All Tomorrow’s Parties
As I got older and less tolerant for Scotland’s penchant for rain during any outdoor gathering of a number of people in excess of 26, I started to look elsewhere for my festival experience and the All Tomorrow’s Parties festival held in Camber Sands holiday park near Kent in England was as antithetical to the out-in-the-field adventure as it was possible to be. For a kick-off, you found your bed in chalets and the main stage was in the holiday camp’s main hall. This was a boutique festival and it was undeniably cool. That 2005’s ATP was curated by the seminal post-rock band, Slint; that they had reformed to play at the festival and that the audience was far from the wasted, anonymous collection at T in the Park was an indication of what an experience this was.
Iceland Airwaves
Sadly this was my only experience of an All Tomorrow’s Parties event but it wasn’t long before I discovered something even more revolutionary. Even more exciting and enjoyable. Iceland Airwaves. Airwaves had been going for some time before I finally made the decision to travel to Reykjavík in October 2008 and see what all the fuss was about. For one week, Iceland’s capital itself, the beautiful city of Reykjavík, becomes the festival. The music venues bustle with activity and the city streets teem with festival-goers morning, noon and night.
Without any shadow of a doubt, for me at least, Airwaves is the greatest festival in the world. I’ve never felt quite a shared experience like I have there. The evenings are for running across town catching band after band and the daytime? Well most bars and record stores host “off-venue” shows so there’s never a dull moment and if you’re lucky enough, you can end the festival at the closing pool party in the tourist trap, the Blue Lagoon.
Partying in a Park
In 2013, on a trip home to Glasgow, I made a brief return to the outdoor experience when I travelled to Glasgow Green to see the reformed Stone Roses play.

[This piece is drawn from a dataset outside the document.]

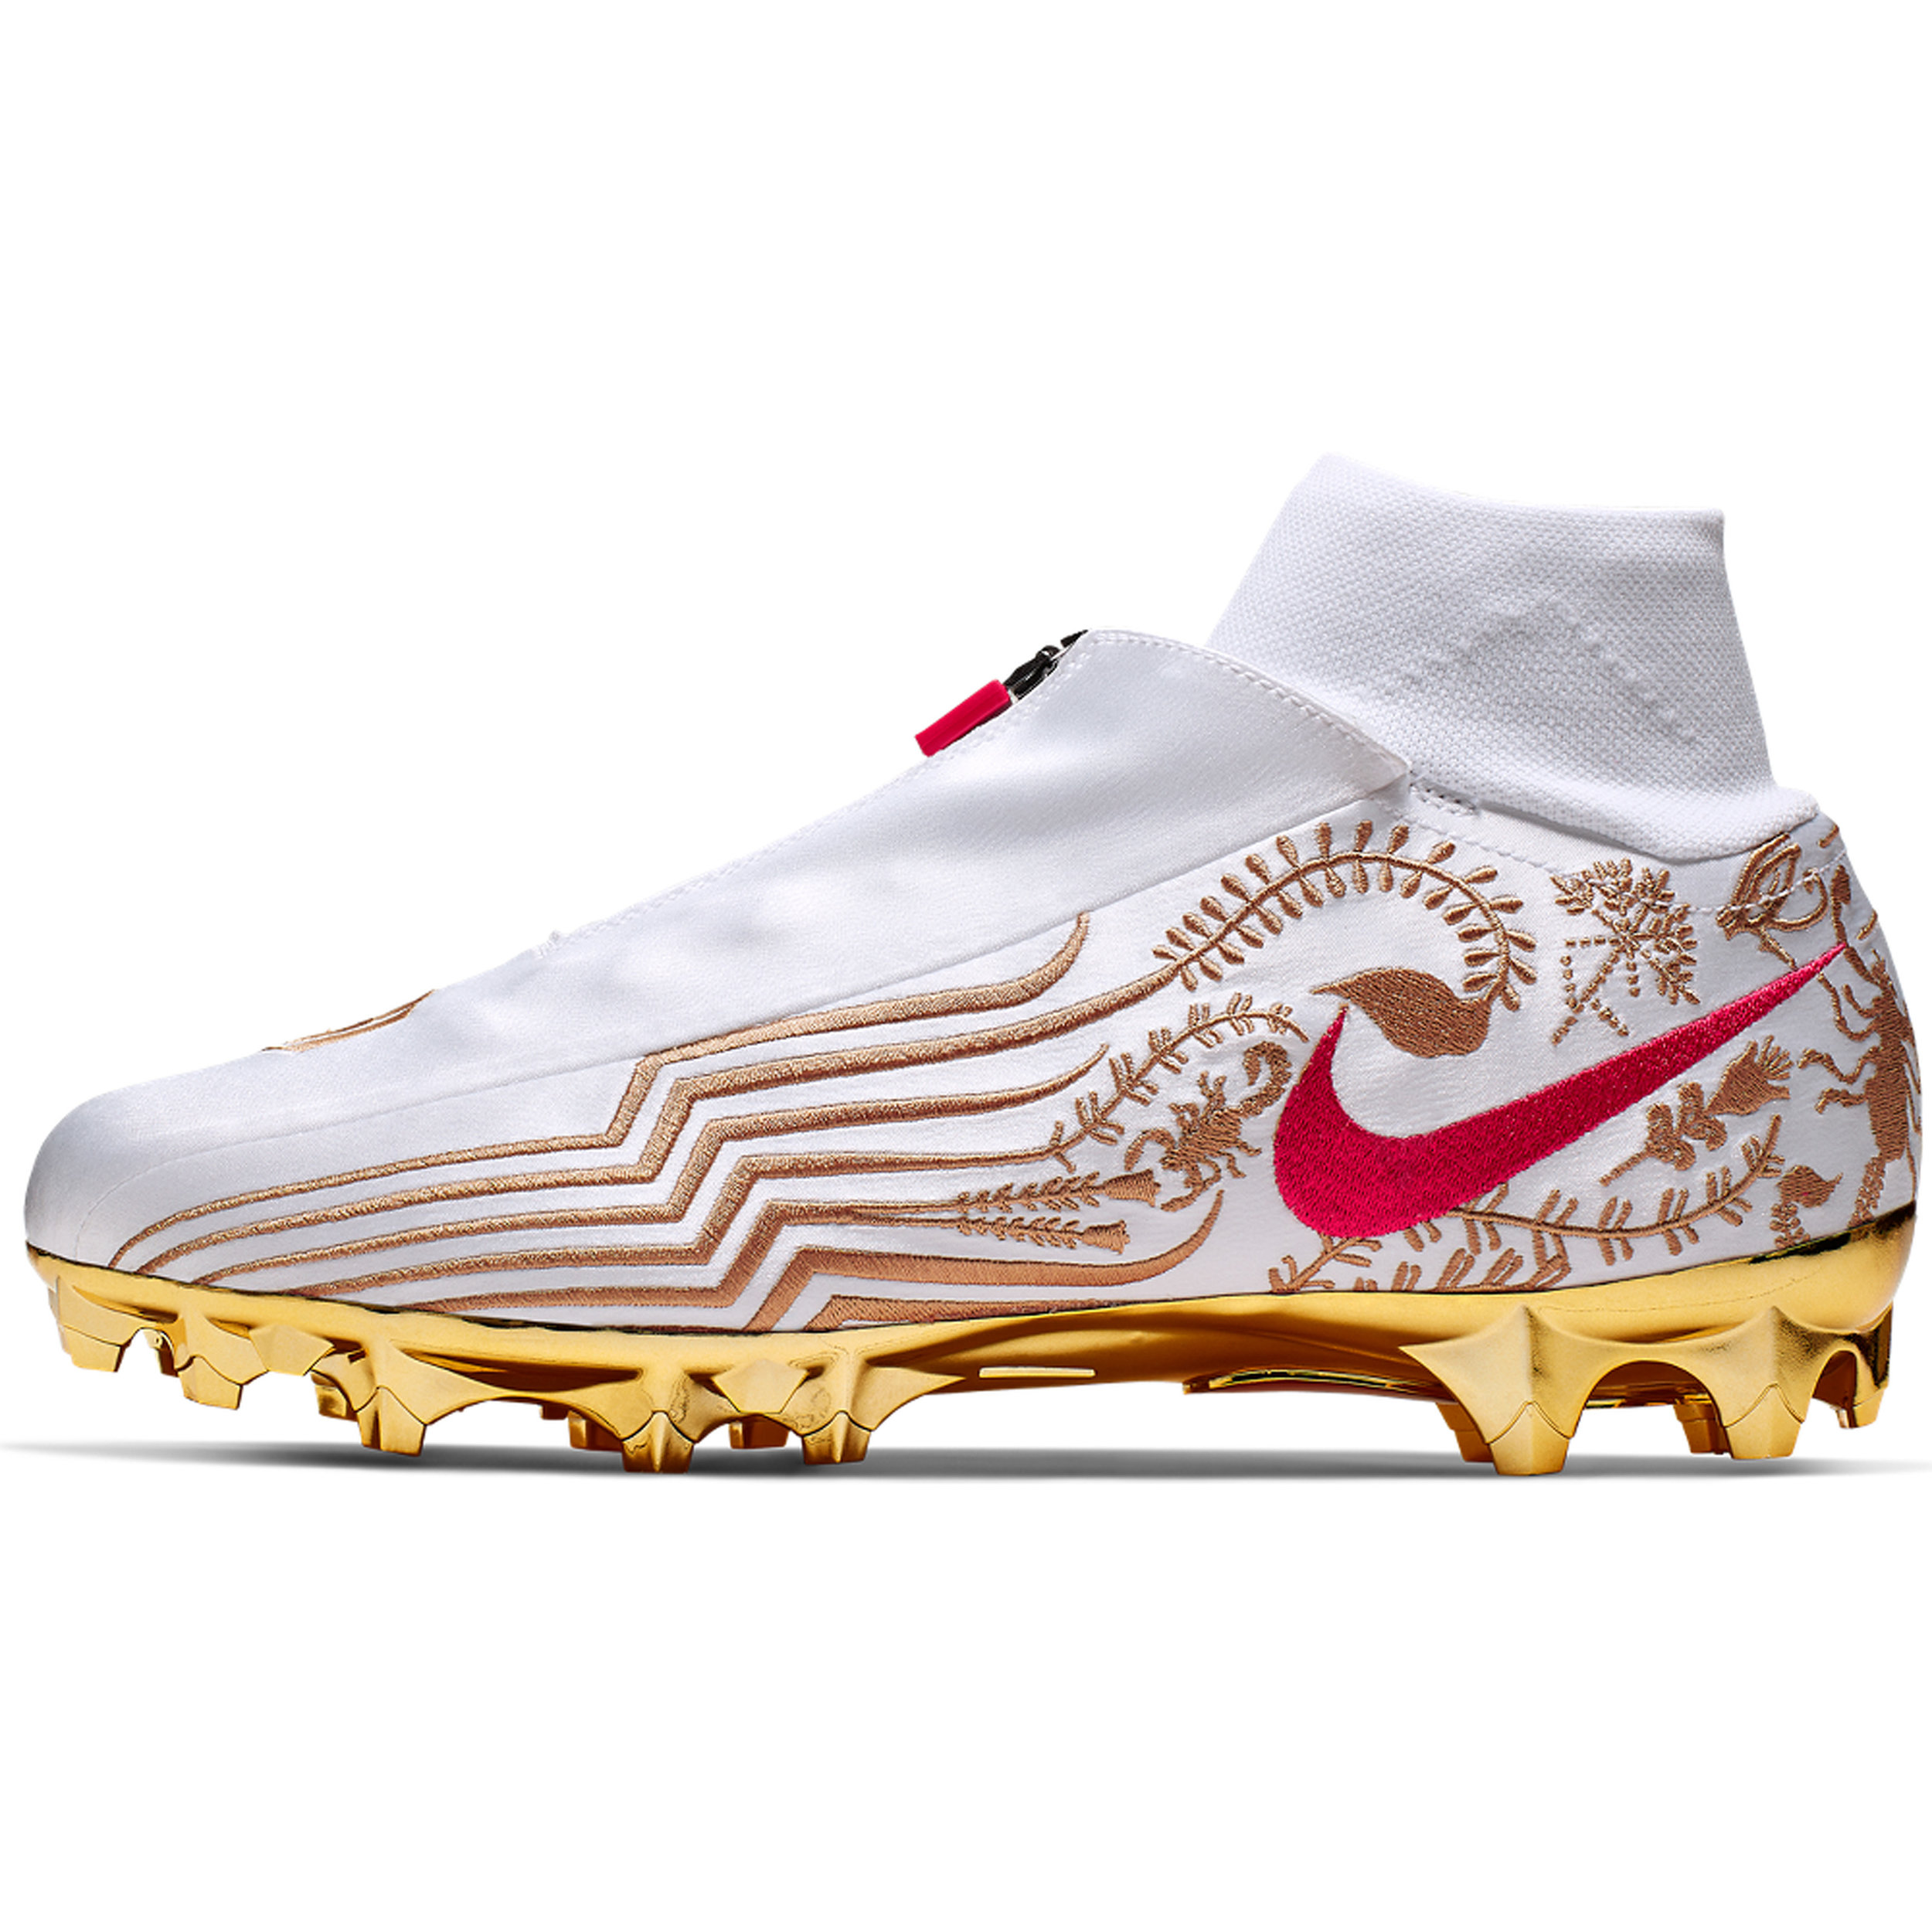 NikeNews_NikeVaporUntouchablePro3_OBJ_04_89291.jpg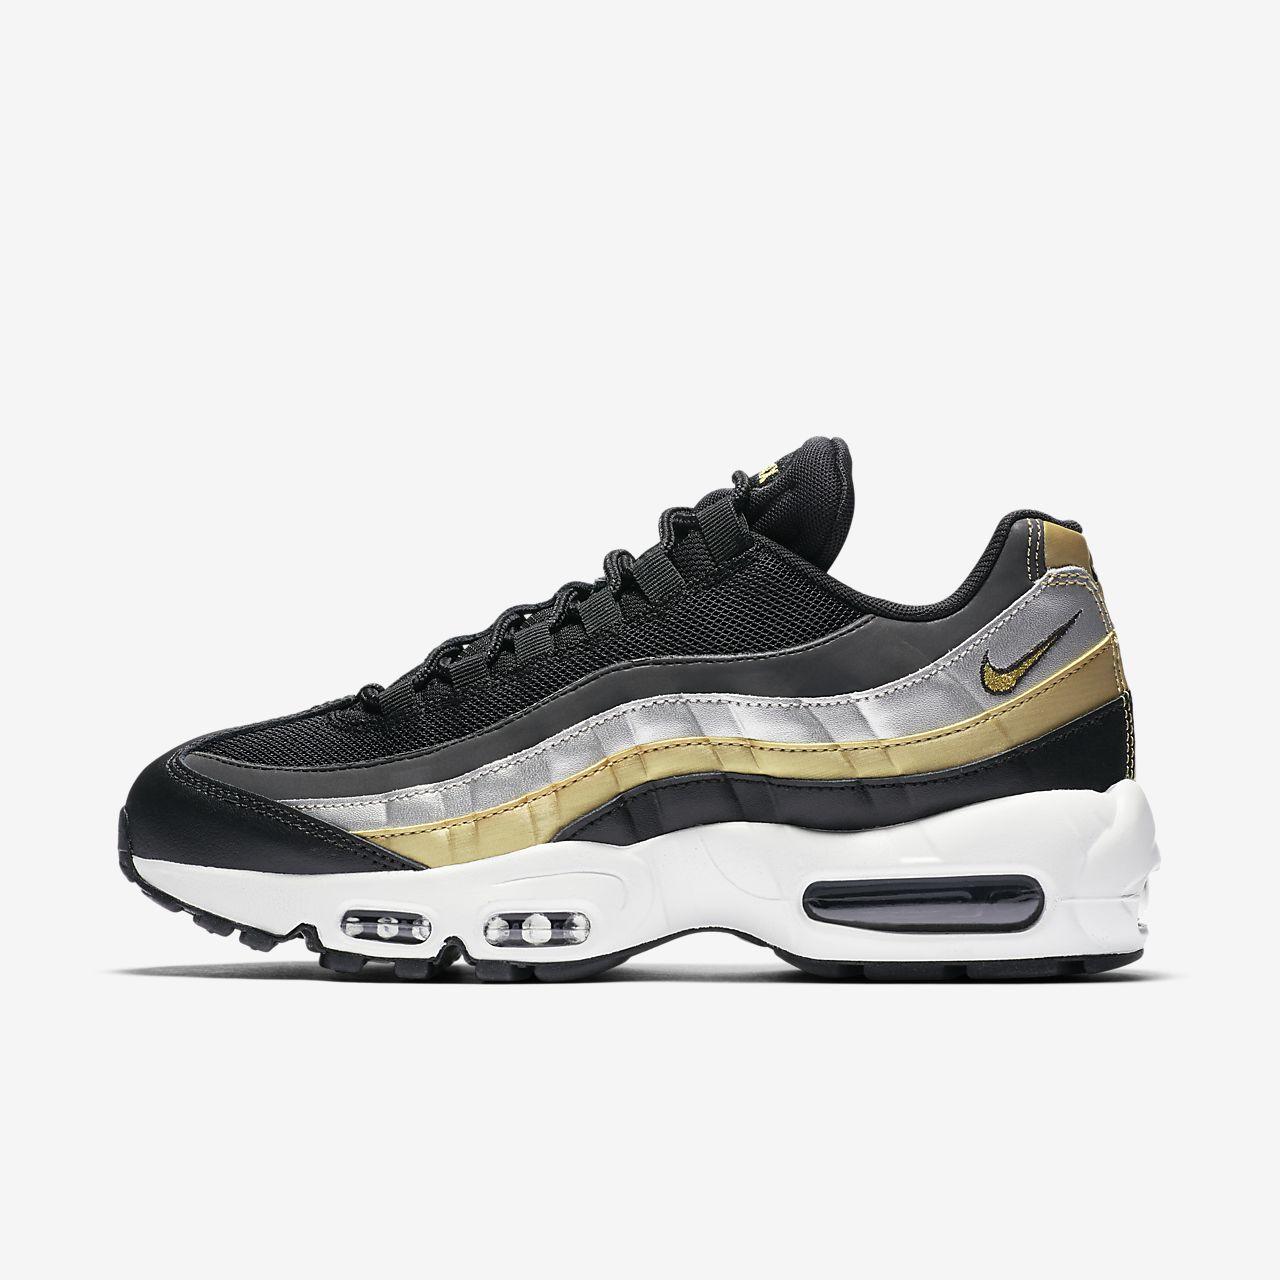 online store deb26 d574a ... Nike Air Max 95 Lux Metallic Womens Shoe

With the band’s guitarist, John Squire, being something of a guitar hero to me, I was excited to see him play with the Roses, something, given the acrimony within the band, even a couple of years ago seemed unthinkable. Nostalgia was high and for a band well known for being part of the late 80s drug scene, so were most of the audience.
Post-Covid lockdowns and horror, the festivals are returning and despite the bleak dystopia imagined, music fans a lot longer than me will flock to them. And all power to them. I hope they have blast.